# EXERCISE PROMPT:
Would you output all the lines below precisely as they stand, leaving each picture out?

# MATERIAL PROVIDED:

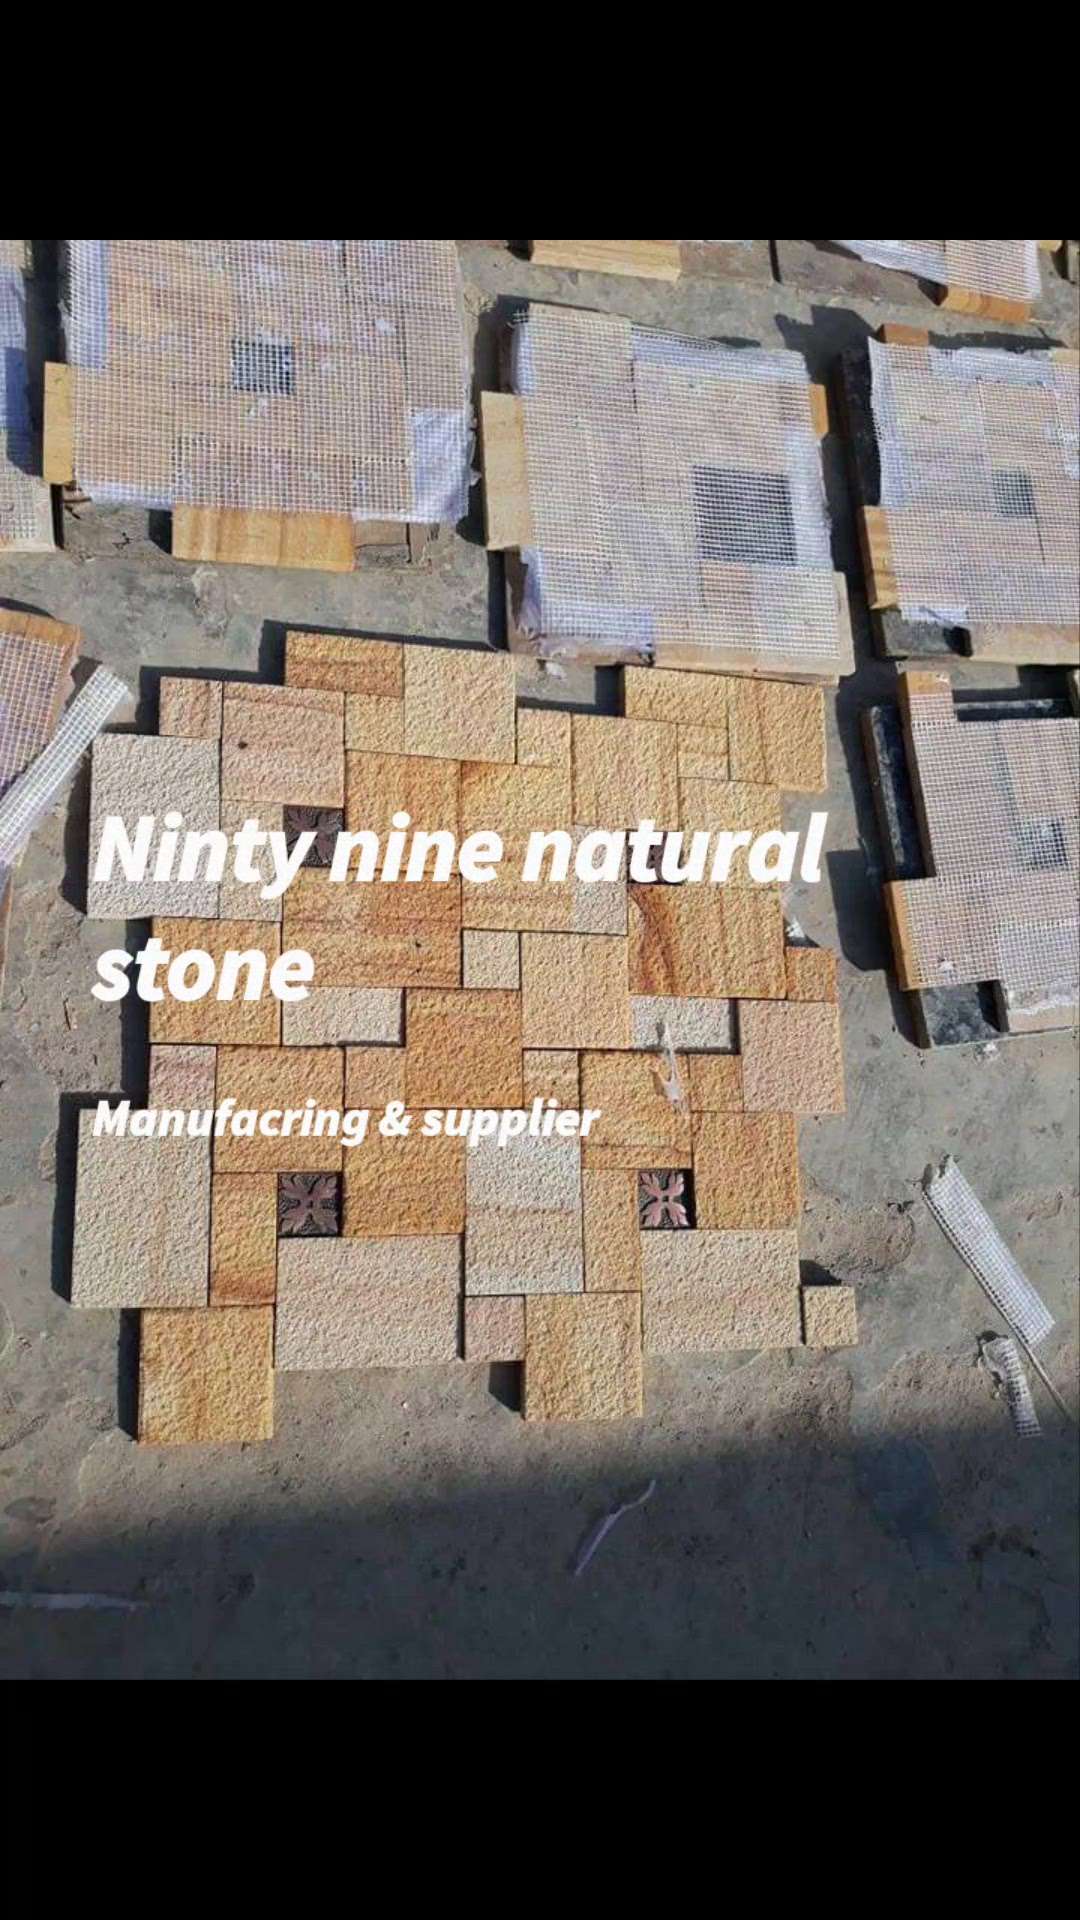 We are manufacturer and supplirs for natural stone wall cladding tiles Interior and exterior 
From jaipur rajasthan 
📞 WhatsApp 9256005359

# THE ANSWER:
 We are manufacturer and supplirs for natural stone wall cladding tiles Interior and exterior 
From jaipur rajasthan 
📞 WhatsApp 9256005359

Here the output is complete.